▶ **TASK INPUT**:
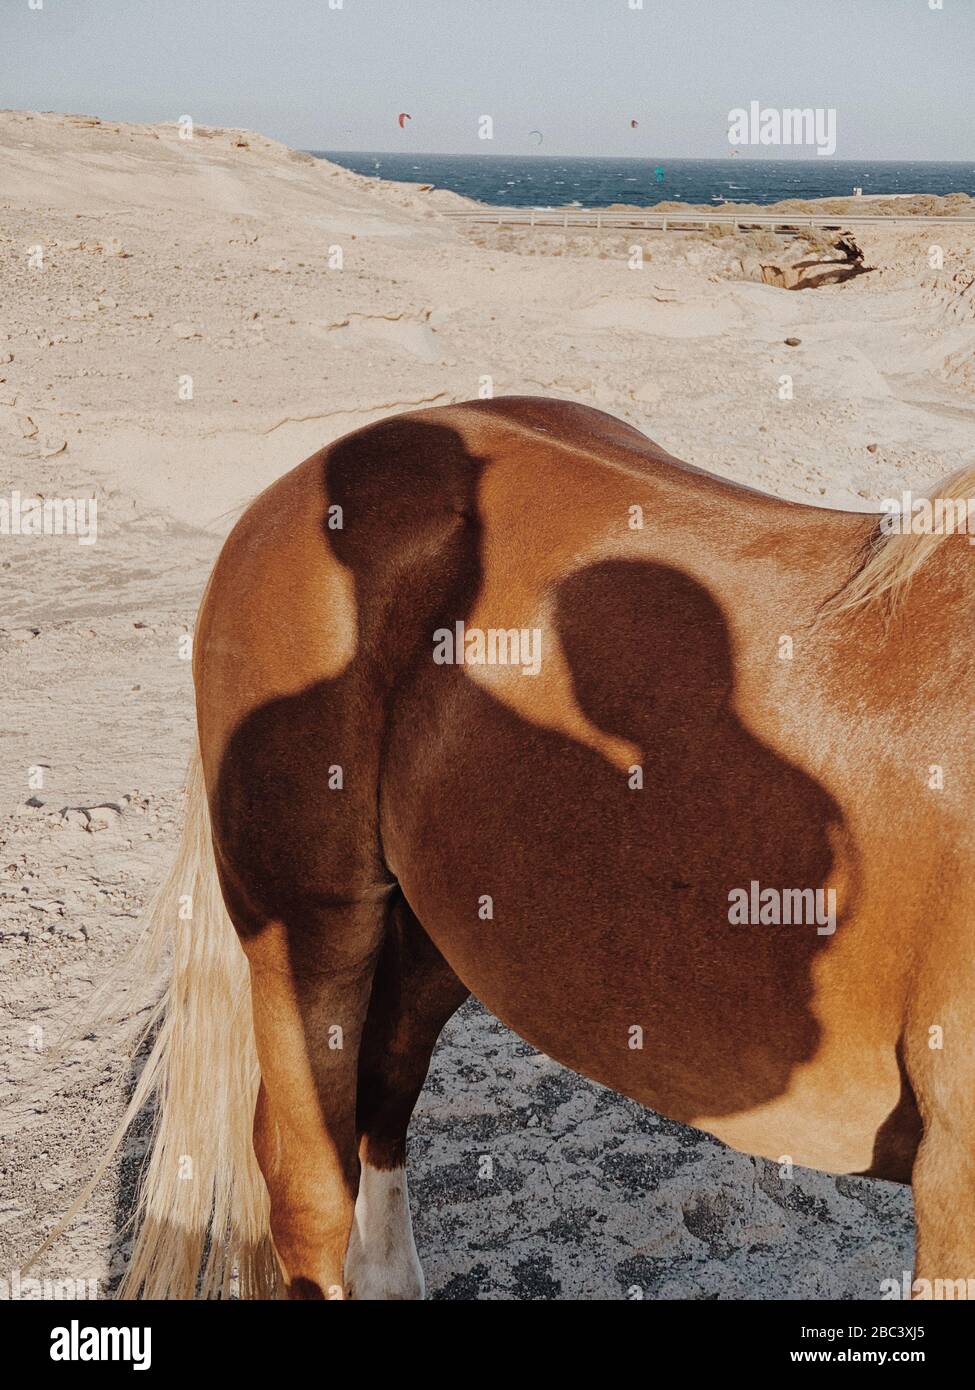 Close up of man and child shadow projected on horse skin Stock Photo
--
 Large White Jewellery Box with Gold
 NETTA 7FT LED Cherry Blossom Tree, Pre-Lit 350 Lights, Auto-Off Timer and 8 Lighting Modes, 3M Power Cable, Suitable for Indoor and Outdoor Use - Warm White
==
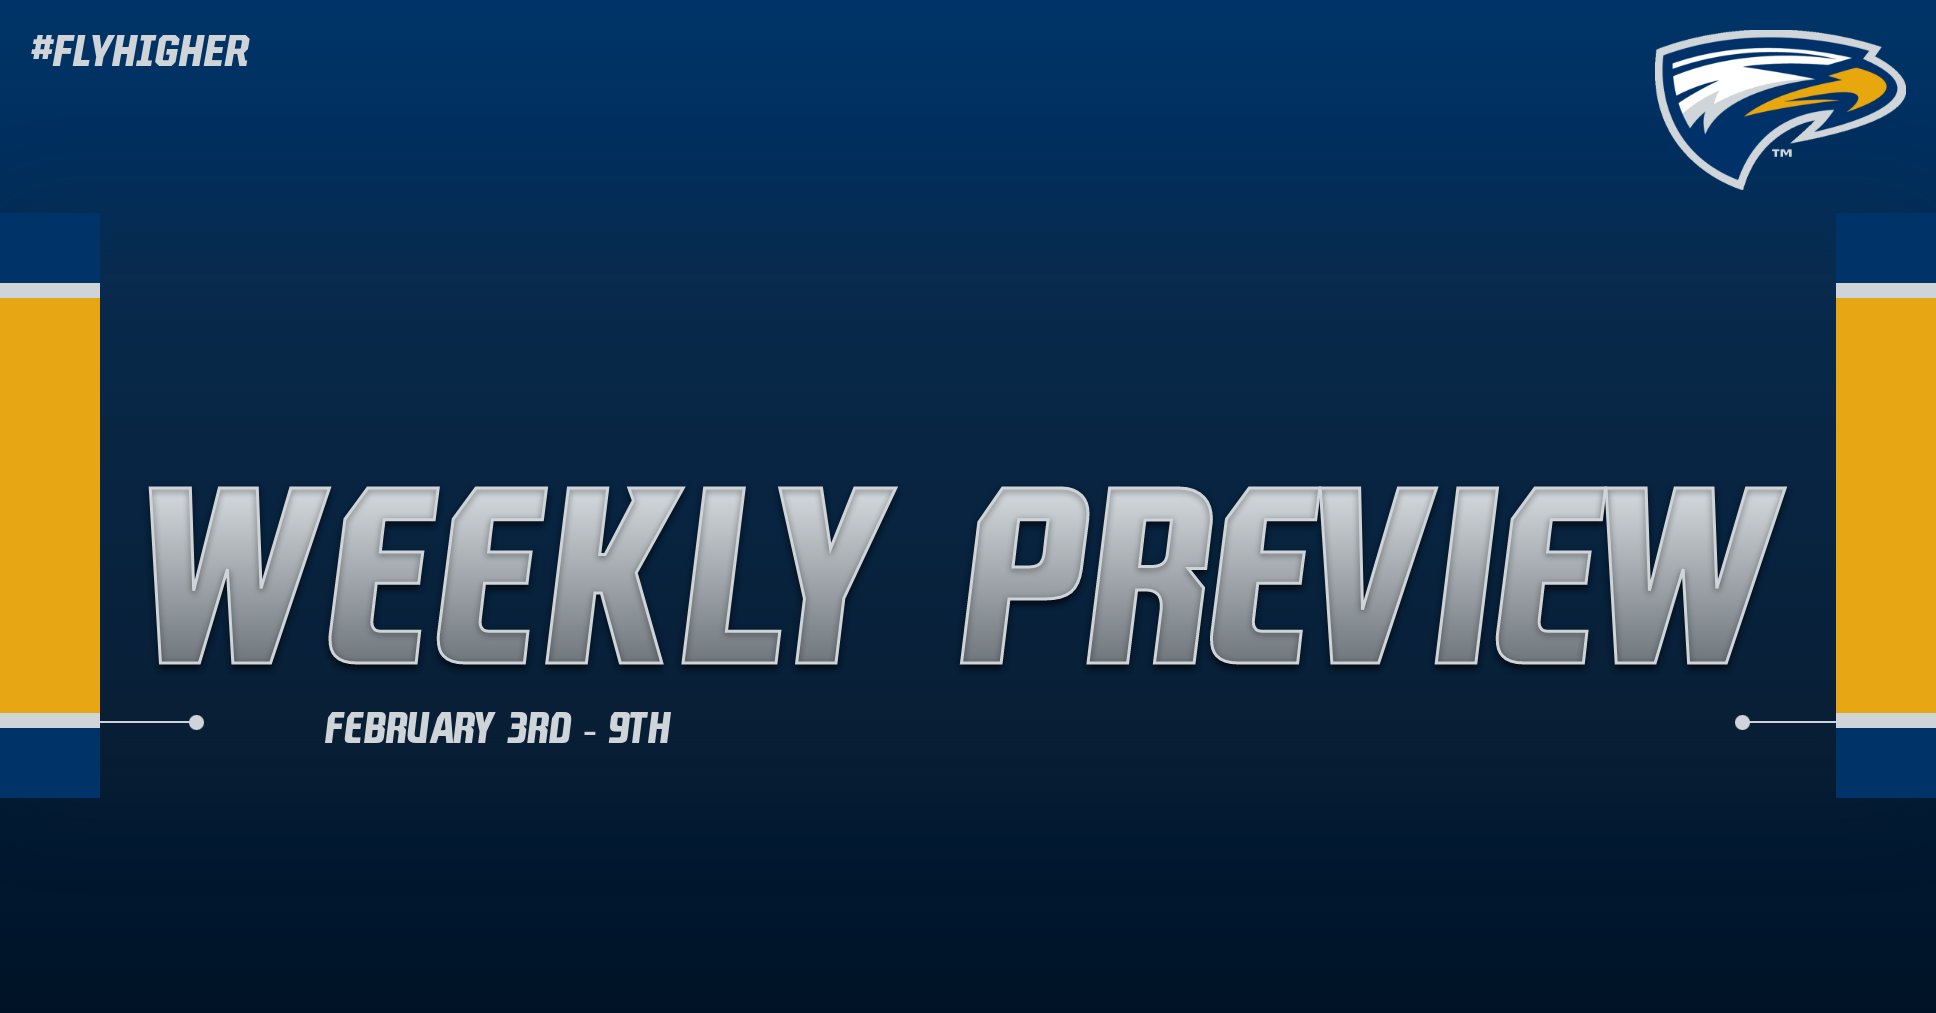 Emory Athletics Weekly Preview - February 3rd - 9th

▶ **WHAT TO WORK ON**: Search the material above for "White". Pull out each line where it shows up.

▶ **EXERCISE OUTPUT**:
 Large White Jewellery Box with Gold
 NETTA 7FT LED Cherry Blossom Tree, Pre-Lit 350 Lights, Auto-Off Timer and 8 Lighting Modes, 3M Power Cable, Suitable for Indoor and Outdoor Use - Warm White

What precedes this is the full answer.